Students may not know this. Starting a writing or public speaking project even a week in advance of the due date is probably devoting more time to it that
they think necessary. In their world, experts already know what they’re doing, so they need less time to produce something good.
As a faculty member, you can build time into your syllabus that will help students practice more mature composing habits, but what else can you do?
1. Make writing a regular habit.
Spend 20-40 minutes a day on a commonplace book (journal). The commonplace book will help you develop fluency—that easy transfer of words onto paper—and
ideas. ”Commonplaces” (also called “topics”) were, in classical rhetoric, where orators would look for ideas. This is the place to be creative, jot down
observations and ideas, and keep track of thoughts. A good communicator is always observant, and writing down what you see and hear will develop your
powers of observation. You should be recording the details that make something distinctive and attending to the topics of the day, so that you can relate
to an audience.
2. Start from the end.
What will the end product look like? You might have to do some research.
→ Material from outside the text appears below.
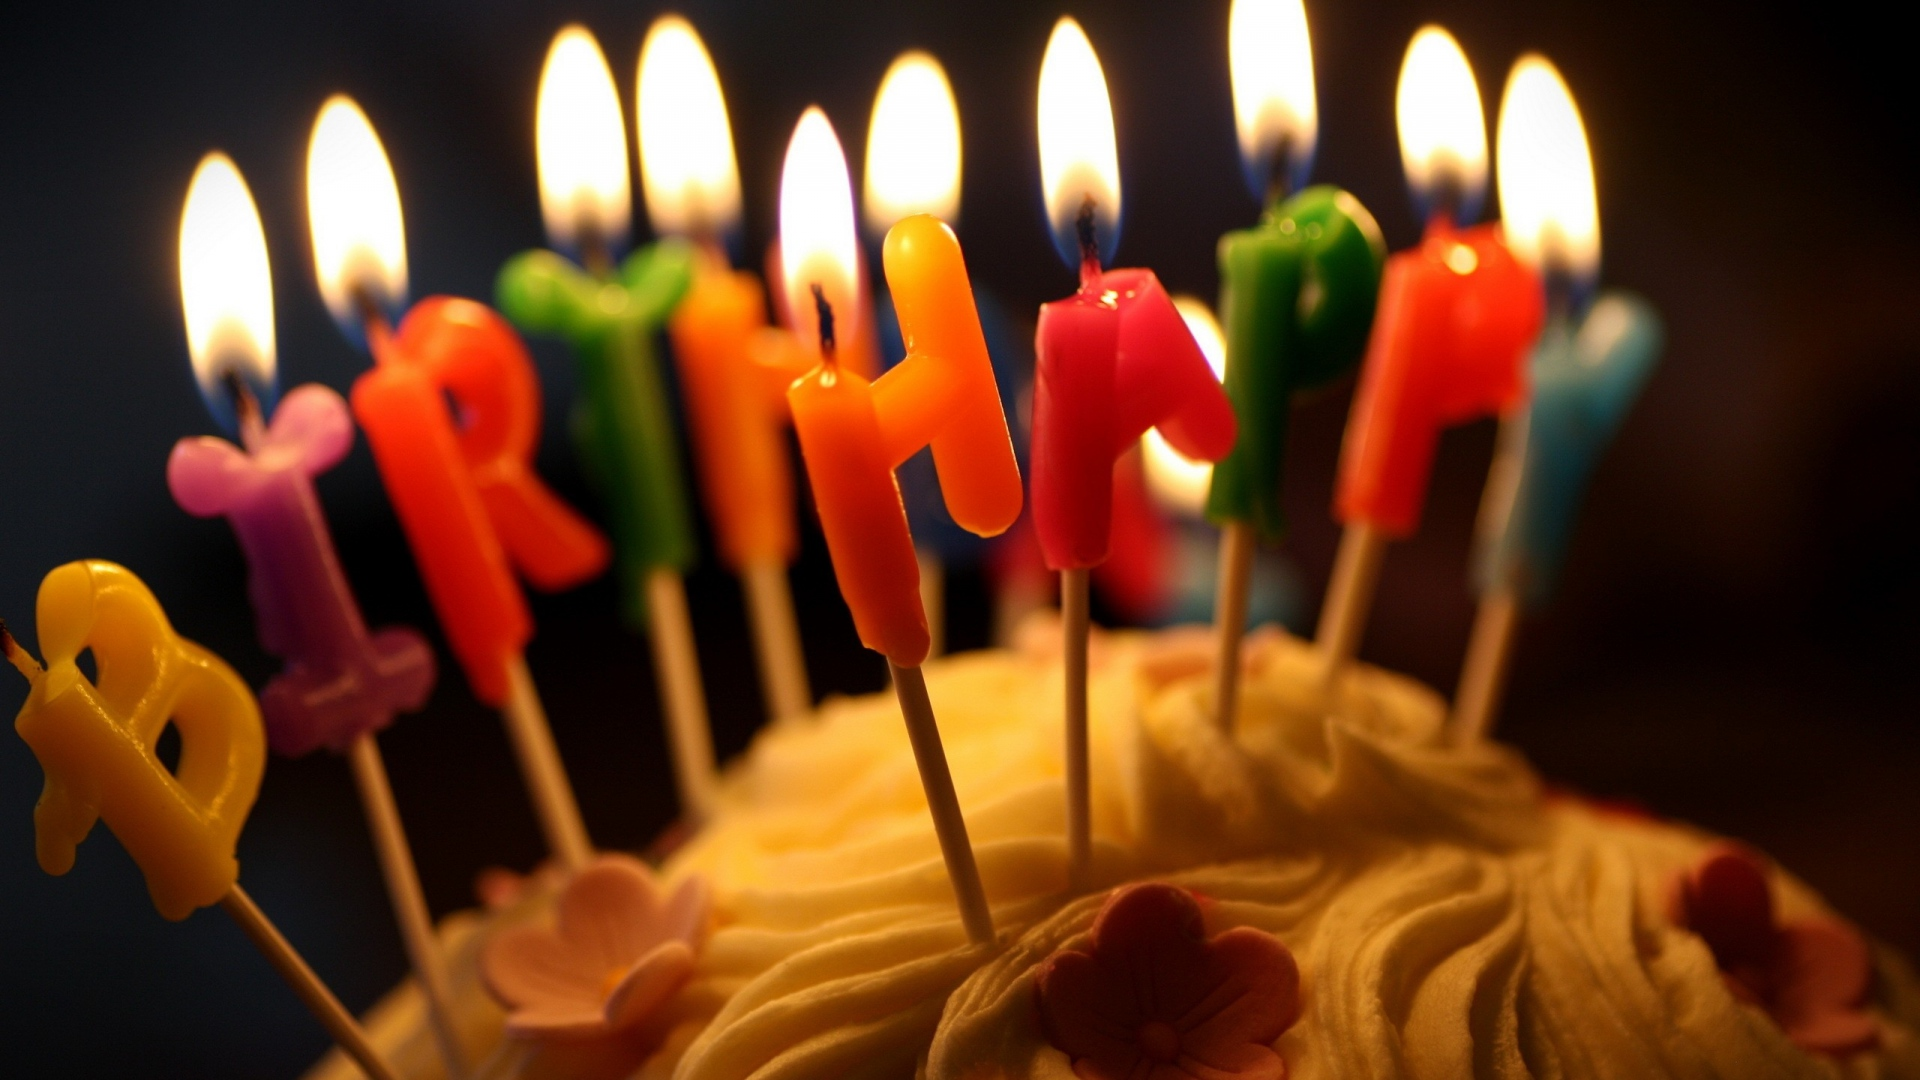 happy birthday candles wallpaper 49192

First, check any parameters you’ve been given—calls for proposals, assignment
instructions. Second, look for a model in the same genre. You’d be surprised how many people start writing a dissertation without ever having looked at
one. If you have been invited to speak, do you know enough about the venue, the timing, and the audience? You may be planning on using slides, but will a
projector be available?
3. Break the whole task into parts.
The goal is to have a realistic idea of how much time the task will take, not to decide in advance exactly what to write. Start with larger chunks, then
break them down, too. For a dissertation, larger chunks may be the parts of the document such as chapters, while for a paper, it might be sections or the
thread of an argument. Break sections down into sub-sections. It’s not always necessary to break sections down by paragraphs, however. Think of the
paragraph as a flexible unit. A section might contain one long paragraph or a series of short, related paragraphs. Finally, create an outline or a visual
map and plot it on a calendar with estimates of how long each part will take.
4. Use your writing time wisely.
Most of us work effectively in 20-minute blocks, so set your timer for 20 minutes, work, then take a break and come back for another 20. End each session
with a specific idea of what needs to be done next, and write that down so that you see it when you sit down to work. That decreases wasting time getting
started. Check out the Pomadoro technique from more ideas on how to plan writing sessions (http://www.pomodorotechnique.com/).
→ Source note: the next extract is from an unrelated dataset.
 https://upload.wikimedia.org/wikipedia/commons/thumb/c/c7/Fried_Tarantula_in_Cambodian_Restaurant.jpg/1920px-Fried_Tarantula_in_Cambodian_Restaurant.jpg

5. Don’t edit when you need to write. Don’t write when you need to edit.
Separate the drafting process, the revising process, and the editing process. Drafting should be messy. Explore ideas on paper, and write until you reach a
dead end. Ideas often develop during the process of writing, so don’t skimp or shut down just because you’re making errors or writing inelegantly. This is
the time when you can forget your audience and focus on content. Once you feel like you have exhausted the drafting, start to revise. During revising, come
back to thinking about your audience and bring order to the chaos you may have created in the draft. Focus mostly on logic, coherence, and organization.
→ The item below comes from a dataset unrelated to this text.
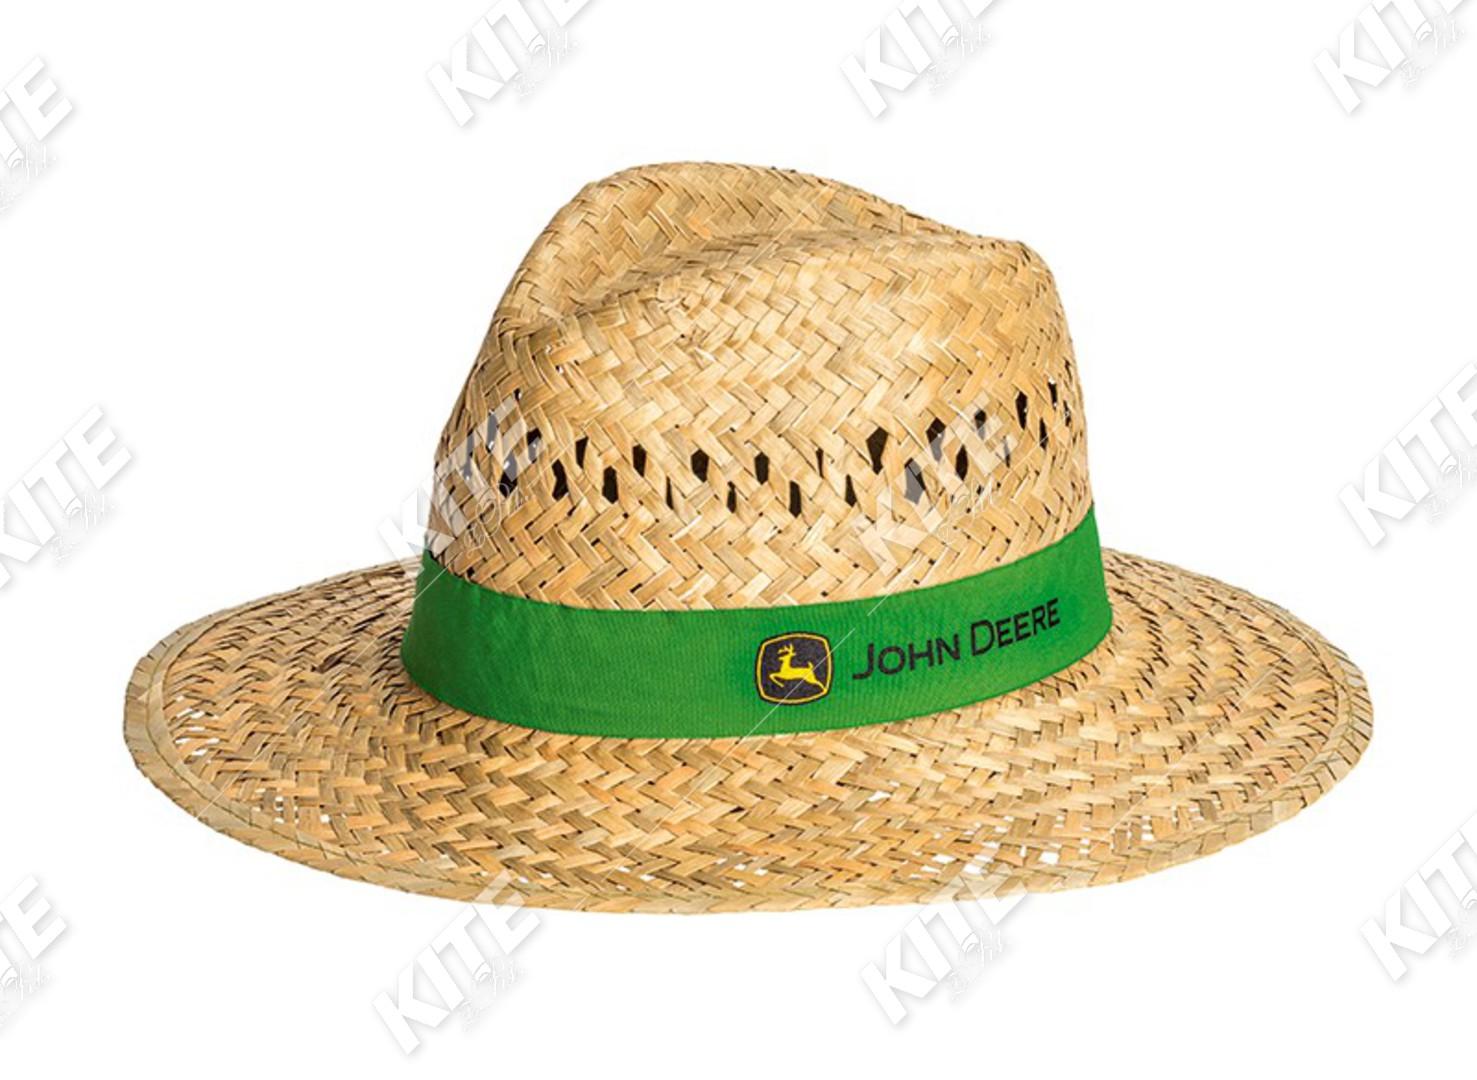 John Deere szalmakalap

Make sure you have said enough, and cut out what seems redundant. When it’s the best you can do within the time you have, you’re ready to edit, that is, to
polish, preen, and correct. Go through editing and proofreading as many times as possible, again in 20-minute segments. For speeches, use this time to get
the visuals looking great, check the facts, and practice.
6. Banish perfectionism.
We have an inner monitor that sometimes interferes when we compose or practice our speeches, correcting grammar, criticizing ideas, and just getting in the
way. Don’t listen to it, especially during the drafting stage. You’ll make mistakes. Use feedback as a way to identify them and editing as a time to
correct as many as you can, but know that most writing is not perfect.
7. Make use of feedback.
Find people you trust to give you feedback, and listen to their advice. But do not just accept it. Hear it, think about it, and decide what to do about it.